Here he is interviewed about it in October during the New York Film Festival. (About the 11:00 minute mark he talks for a while about how he makes his films and that he avoids repeat takes so that the spontaneity you see is genuine and not acting.)

Comments

  1. invivoMark says

    It looks like a typical Michael Moore film, alright: the heart’s in the right place, but the facts don’t check out.

    59% of Americans’ income taxes go to the military? That’s an outright fabrication. About 50% of the federal government’s budget is spent on social security and healthcare, split roughly down the middle between the two. Military spending accounts for about 17% of the federal government’s budget. You can get close to the 59% figure by only counting discretionary spending, but obviously that’s dishonest.

    And even then, you’re nowhere close to making Moore’s figure correct. 41 states in the US have state income tax, and states spend little to nothing on military expenditures. So the biggest proportion of a person’s income tax that can possibly go to the military is around 17%, but for most people the proportion is much smaller than that.

    We still spend too damn much on the military. And that’s what’s so monumentally frustrating about Moore’s documentaries. I agree with the conclusion, but the path his films follow to get there is a yellow brick road that is nowhere near Kansas.

  2. doublereed says

    Yea, it’s hard for me to get excited about a Michael Moore movie considering just how flagrantly dishonest he’s been. And Farenheit 9/11 had a bunch of weird trutherism in it. He’s entirely untrustworthy, and that’s a significant problem because he’s dealing with very serious issues.

  3. Mano Singham says

    doublereed,

    What exactly has he been flagrantly dishonest about? While his earlier films had problems, some fairly serious, this is not so for his later ones because as he became more famous and influential, he realized that the right wing will go after his films with a fine tooth comb to pick things that are wrong and use them to discredit his entire message. So now Moore has a team of researchers to fact-check his films. In his film Sicko, for example, the health industry, aided by the media that is embarrassed that he exposes things that they should be exposing, tried hard to find fault with it but could not come up with any that stood up. But that did not prevent them from claiming that he is dishonest. I did posts on their failed efforts here and here. There has been a concerted right-wing effort to discredit him.

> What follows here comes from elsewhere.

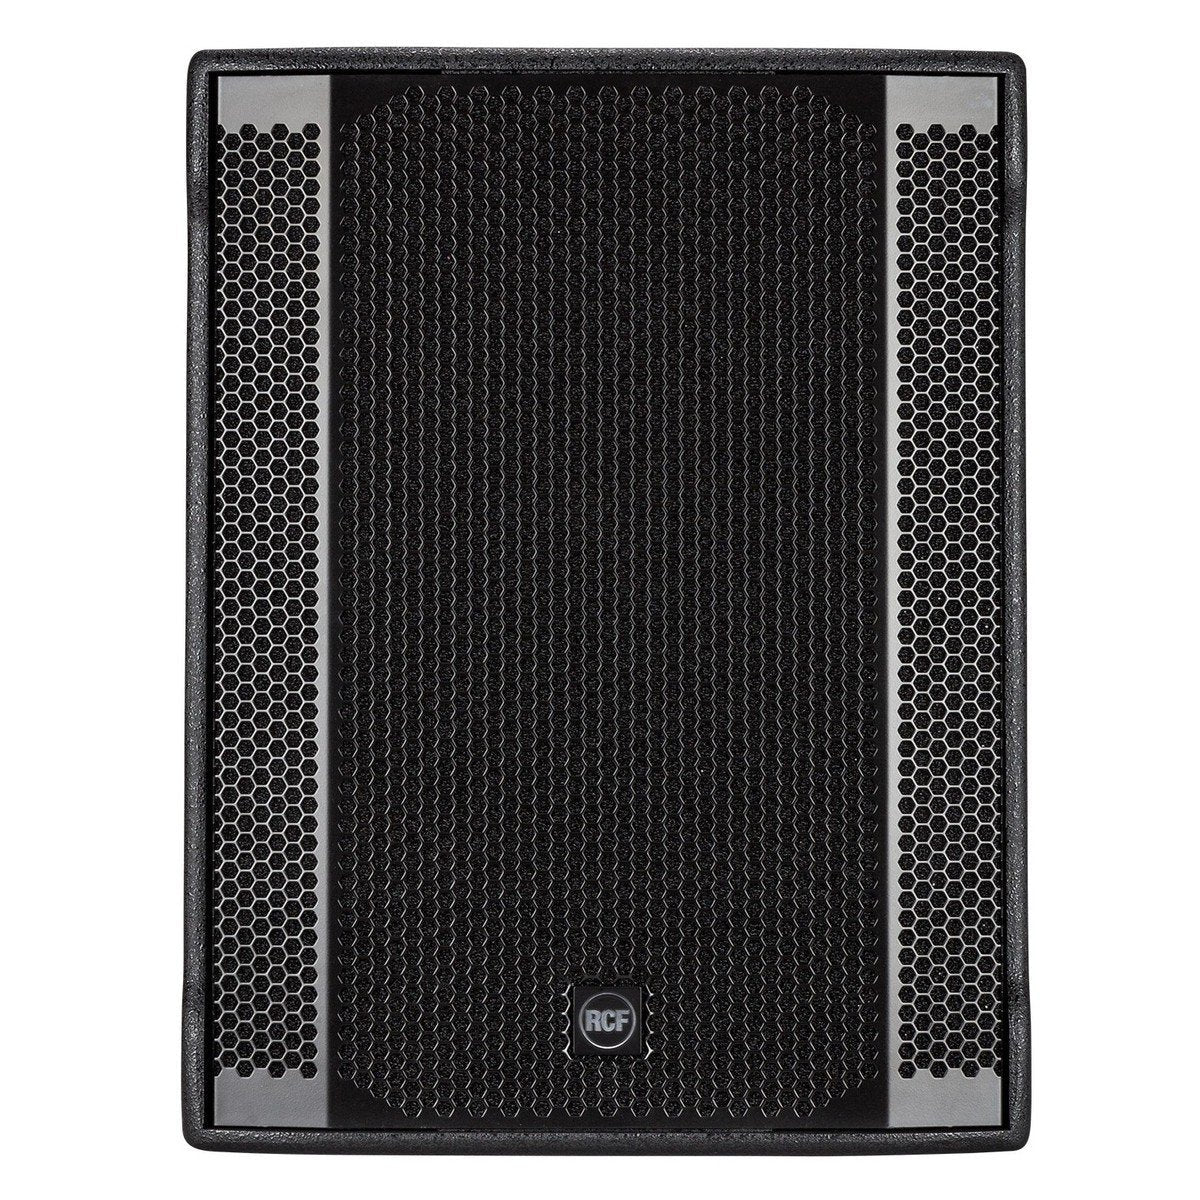 RCF SUB 708-AS II 18" Subwoofer - DY Pro Audio

    Moore is an unabashed propagandist. He paints a portrait that favors his point of view. But that does not make him dishonest.

  4. invivoMark says

    Yeah, but then you’re still ignoring social security and health care spending. The fact, as stated, is still blatantly wrong. There’s no way around that, and I don’t think I’m just arguing semantics.

  5. MG says

    If all one can focus on after watching this film is a chart on how much money the US throws at a problem rather than better ways to fix the problem, more effective (cost and results-wise) and healthier, that says a lot about what’s wrong with the way many if not most Americans think. Our school system is failing. I have lived in communities that care about the school and when that happens it makes a huge difference. So many of our systems are corrupted by politicians paid-off by special interest and lobbying groups (sounds like voting for these issues is a conflict of interest to me). We have made a business of our criminal justice system and after people pay their debt to society there is no support system to help in transition to productive society leading to our shameful recidivism rate. I could go on and on, but my point is that even if there are some statistics that may seem inaccurate (I graduated in economics and I know that statistics are squishy) a broader look where we could improve is warranted and wothwhile.